Monday, Apr. 28, 1952
Guns or Brooms?
The U.S. Army was having servant trouble. High Commissioner John J. McCloy and the State Department have long wanted the Army to give up the 24,000 German servants who cook and scrub for the families of officers and noncoms in the occupation forces--with their wages paid by Germany. The Army would not hear of it. U.S. officers' and men's wives might have to do menial work, and that would have an "unfortunate effect on prestige and morale." Moreover, explained the Army solemnly, wives in outlying areas often have to travel 50 miles to buy groceries at PXs and, without servants to stay home and guard the houses, burglaries would skyrocket.

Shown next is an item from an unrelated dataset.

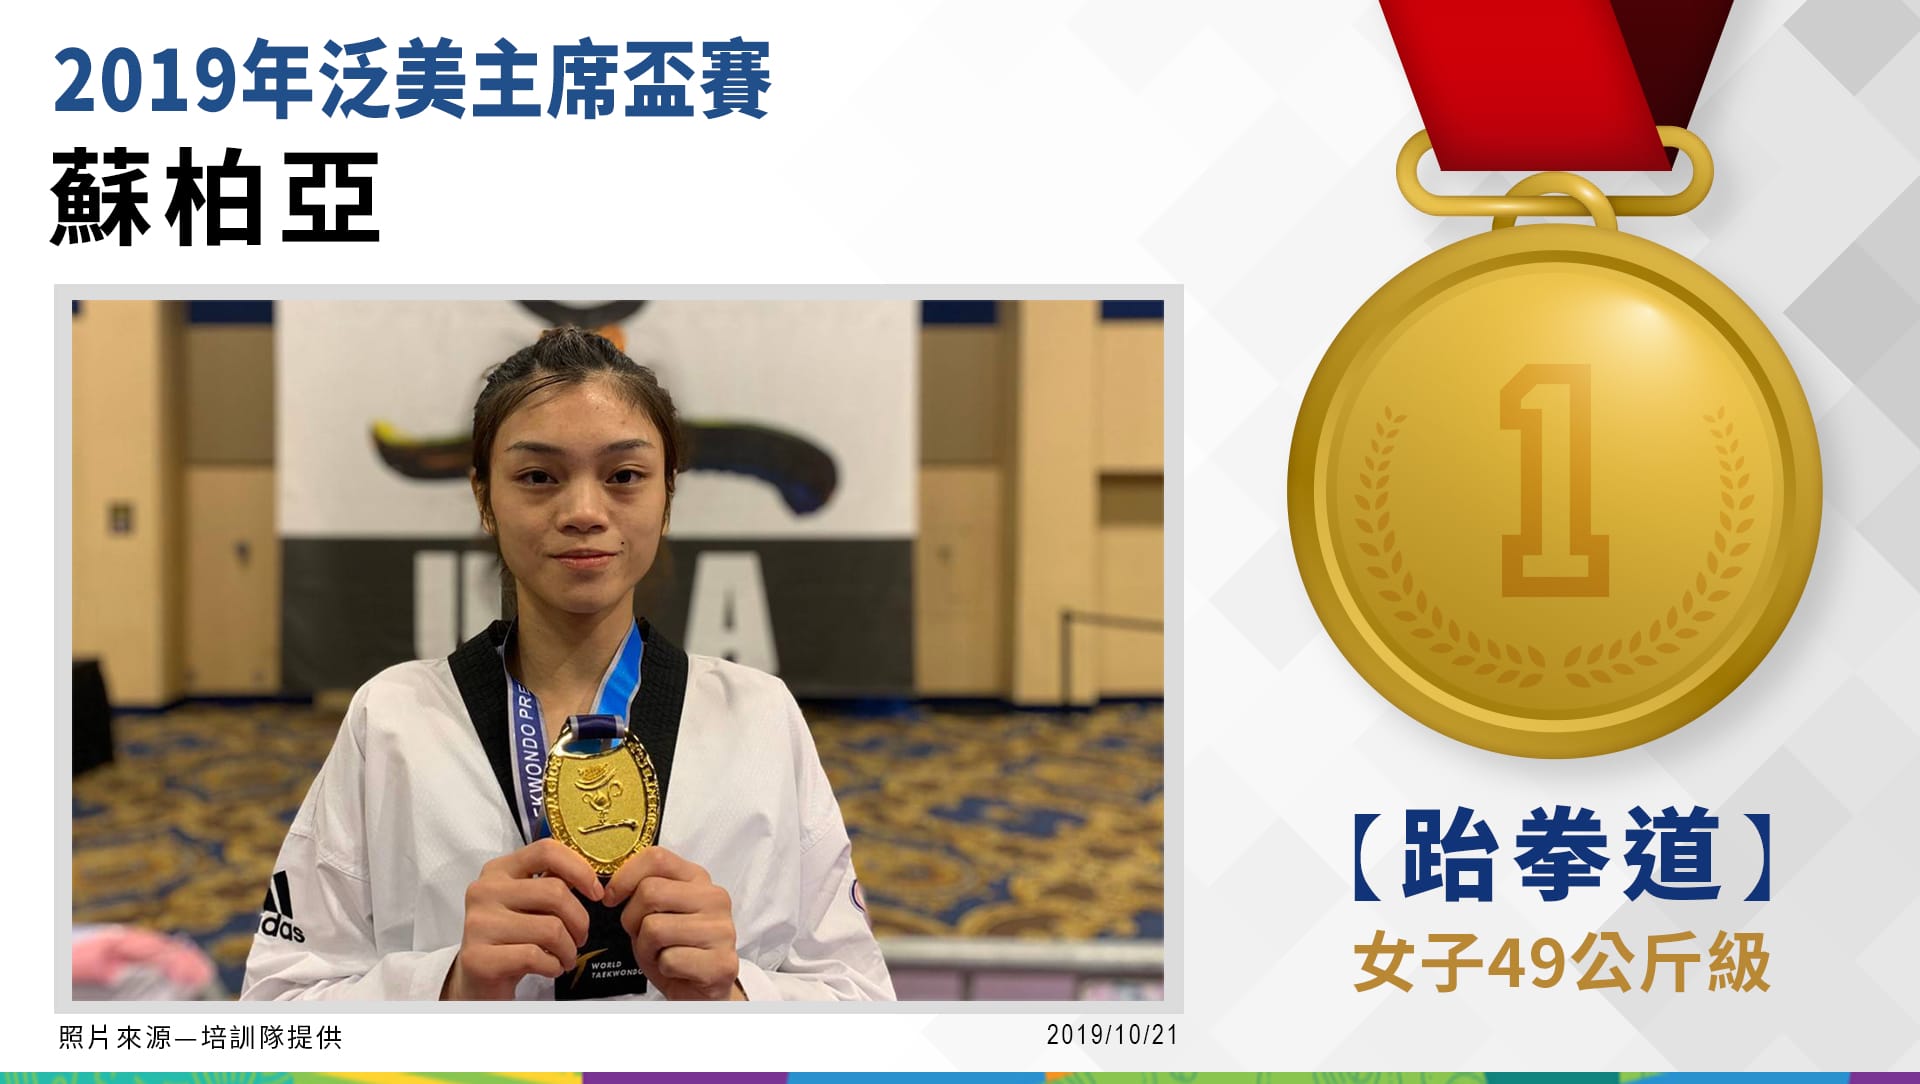  捷報-2019跆拳道泛美主席盃賽
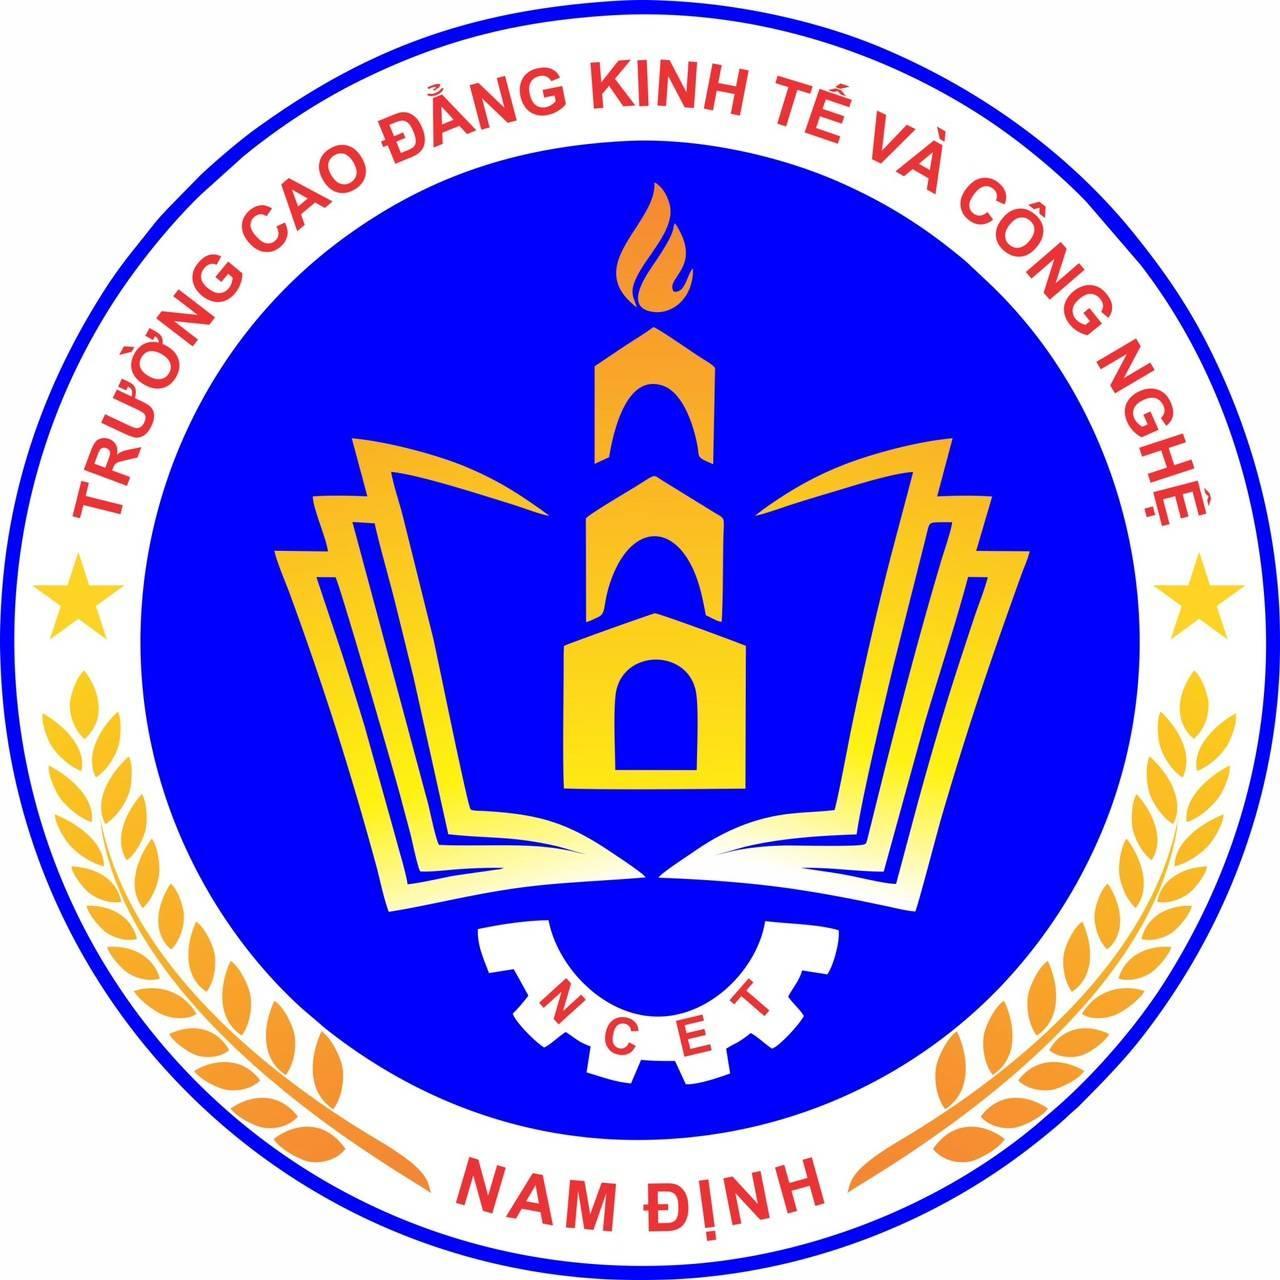 Trường Cao đẳng Kinh tế và Công nghệ Nam Định

The Army retired slowly from one argument to another. Last week, hoarse and out-talked, it capitulated. The Army surrendered not only its free servants, but its plush special vacation trains, and its right to virtually free rides (10% of the standard fare) on German trains. Savings to the Bonn government (and indirectly to U.S. taxpayers who support the Bonn economy): $11 million on the servants, another $17 million on the trains.
Germans, who are being asked to raise an army of twelve divisions for Western Europe's defense, would no longer have to pay for their conquerors' comfort. Said a U.S. State Department official: "It is a question of Army maids or German soldiers to help defend the West."